In 1955, Chief Obafemi Awolowo famously declared that every Nigerian should be educated at public expense to the limits of their natural ability. This revolutionary belief birthed the Universal Primary Education (UPE) program in Western Nigeria, which would go on to transform millions of lives. Today, many decades later, the question echoes louder than ever: What went wrong?
One such beneficiary of Awolowo’s vision is Professor Dayo, who grew up in a remote village in Ogun State with no prospects for education. When the UPE program launched, it changed the course of his life, enabling him to go from a poor farmer’s child to a retired professor at the University of Lagos. His story mirrors that of many others whose lives were reshaped by a policy that once made education a public right rather than a private privilege.
Awolowo’s Action Group Party (AGP) came into power in the Western Region in 1952, and education was its top priority. Awolowo, supported by Education Minister Stephen Awokoya, outlined three core reasons for free education: to reduce societal inequality, empower citizens to resist tyranny, and accelerate economic development. These ideals weren’t just lofty rhetoric they became government policy backed by solid financial planning and social reform.
Between 1952 and 1954, the region prepared by building more schools, training teachers, and educating the public on the importance of education. On January 17, 1955, UPE officially launched, mandating compulsory education for all children aged 5 to 13. This made Western Nigeria the first African region to implement free and compulsory primary education at such a scale.
The numbers were staggering. In 1952, there were 381,000 schoolchildren in the region. Just three years later, that number had more than doubled to 811,432. The number of primary schools rose from 3,550 to 6,670 by 1958. Education consumed up to 41.2% of the region’s annual recurrent budget, an unprecedented investment in human capital.
To fund this monumental initiative, Awolowo relied on cocoa revenues but also introduced a ten-shilling Education and Health Levy across all male adult taxpayers. Despite resistance, the levy was enforced. This ambitious taxation amounting to a 63% GDP ratio was high even by global standards. Yet it worked, ensuring funding for education and setting the region on a developmental trajectory unmatched by other parts of the country.
The results were transformative. By independence in 1960, Western Nigeria had become the intellectual powerhouse of the nation. It produced 47.3% of students at the University College Ibadan, far outpacing the Eastern and Northern regions. Awolowo’s UPE had not only educated children but created a robust middle class and a professional workforce that would drive the region’s economy for decades.
Crucially, the policy also addressed gender inequality in education. With female enrollment rising from 115,990 in 1954 to 414,861 in 1959, Awolowo insisted that “women receive an education comparable in standard to men.” This opened the door to a generation of educated, empowered Nigerian women who would go on to make significant contributions to society.

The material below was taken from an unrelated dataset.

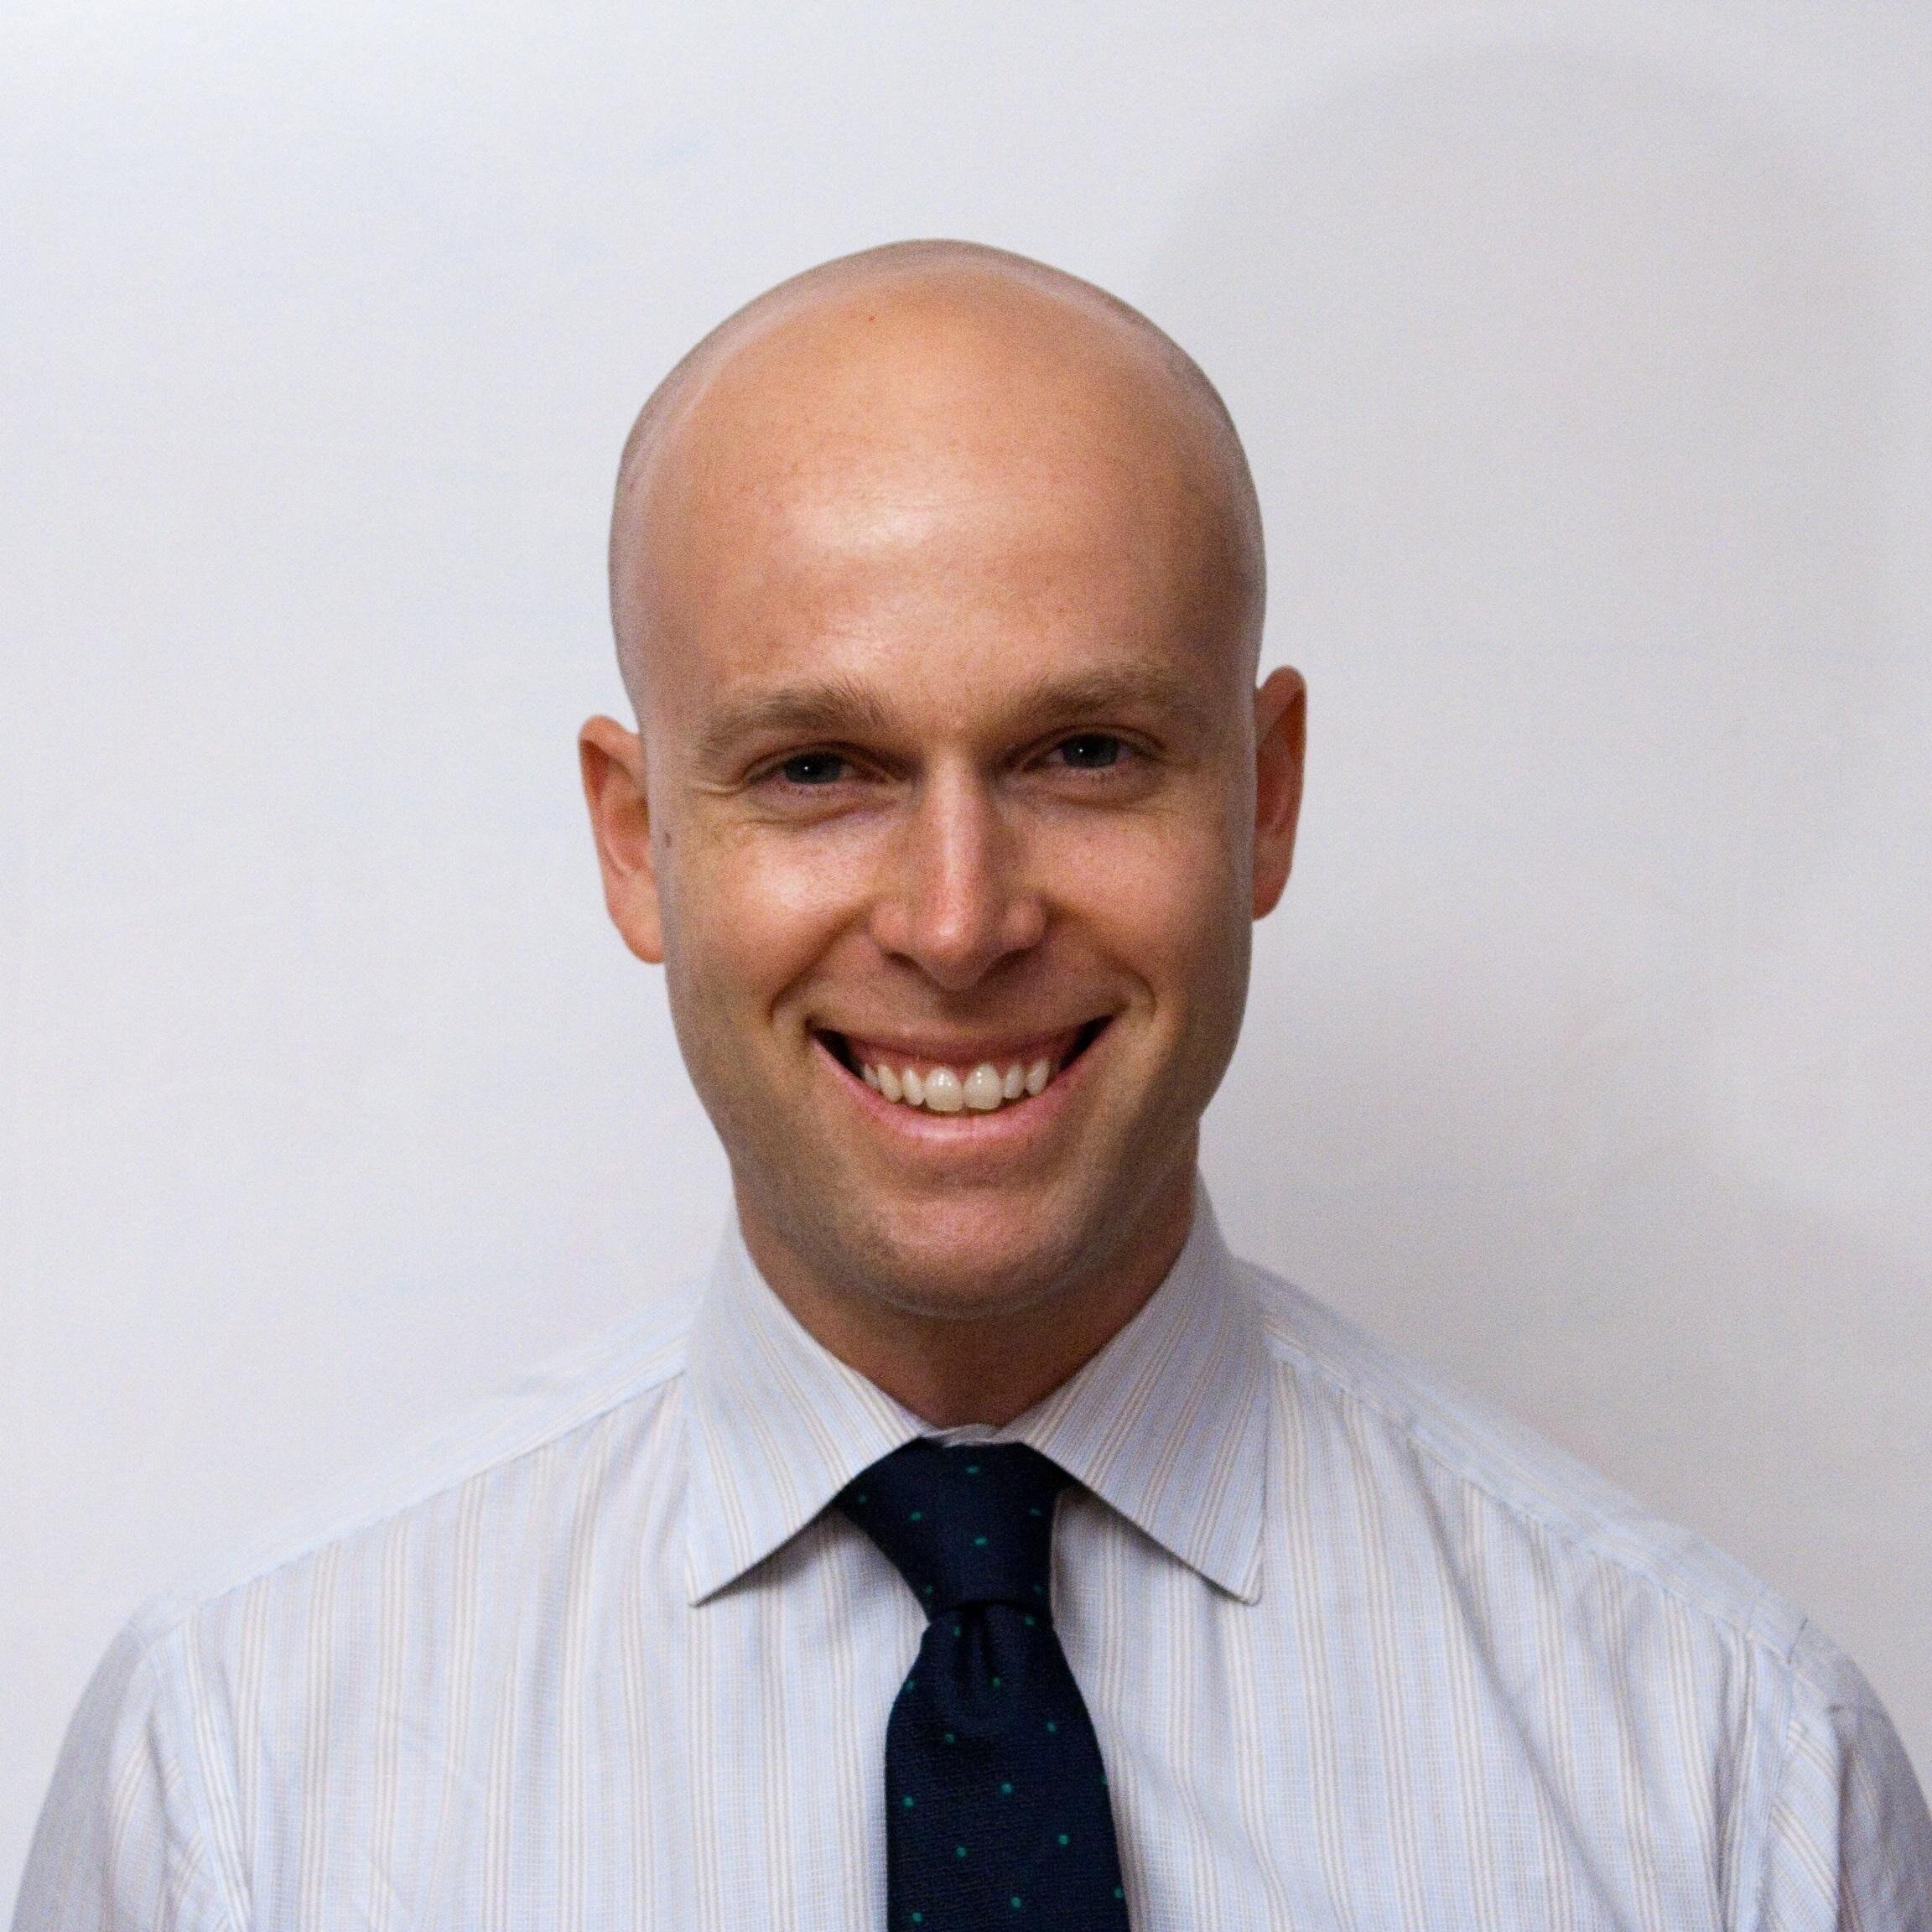 Noah Waisberg

Yet despite these groundbreaking achievements, UPE was not without criticism. A federal committee in 1978 revealed concerns about its financial sustainability and uneven teacher distribution. It noted high dropout rates in rural schools and the failure of the curriculum to equip students for employment, particularly in non-urban areas. Some argued that the initiative created an unrealistic appetite for white-collar jobs without the infrastructure to support them.
Still, these shortcomings pale in comparison to the successes. UPE lifted millions out of poverty, reshaped a region, and gave Nigeria a generation of thinkers, professionals, and public servants. It also exposed the dangerous gap between visionary leadership and future policymaking.
Today, Nigeria’s education system is in crisis. Strike actions, underfunding, dilapidated infrastructure, and declining learning outcomes have replaced the hope that once defined the UPE era. Many public schools lack basic facilities, and the idea of free education is now mostly symbolic. Ironically, those in power, many of whom are products of public education, send their children to elite schools abroad, abandoning the very system that nurtured them.
Awolowo’s belief that education was the foundation of democracy and economic prosperity feels like a distant dream. In today’s Nigeria, education is often treated as an afterthought in budget planning and policy execution. Corruption, inefficiency, and a lack of political will have hollowed out the promise of public education.
And yet, the legacy of UPE endures as both a benchmark and a challenge. It reminds us of what is possible when leadership is guided by vision and the public good. It also forces us to confront the reality that we have strayed far from that path. Nigeria once showed Africa what could be achieved with political courage and strategic investment in people. Today, it must decide whether it still has the will to return to that vision.
As Professor Toyin Falola once observed, “No single decision before independence shaped Nigeria’s political economy like Awolowo’s free education policy.” If Nigeria ever hopes to reclaim its future, it must begin by learning from its past.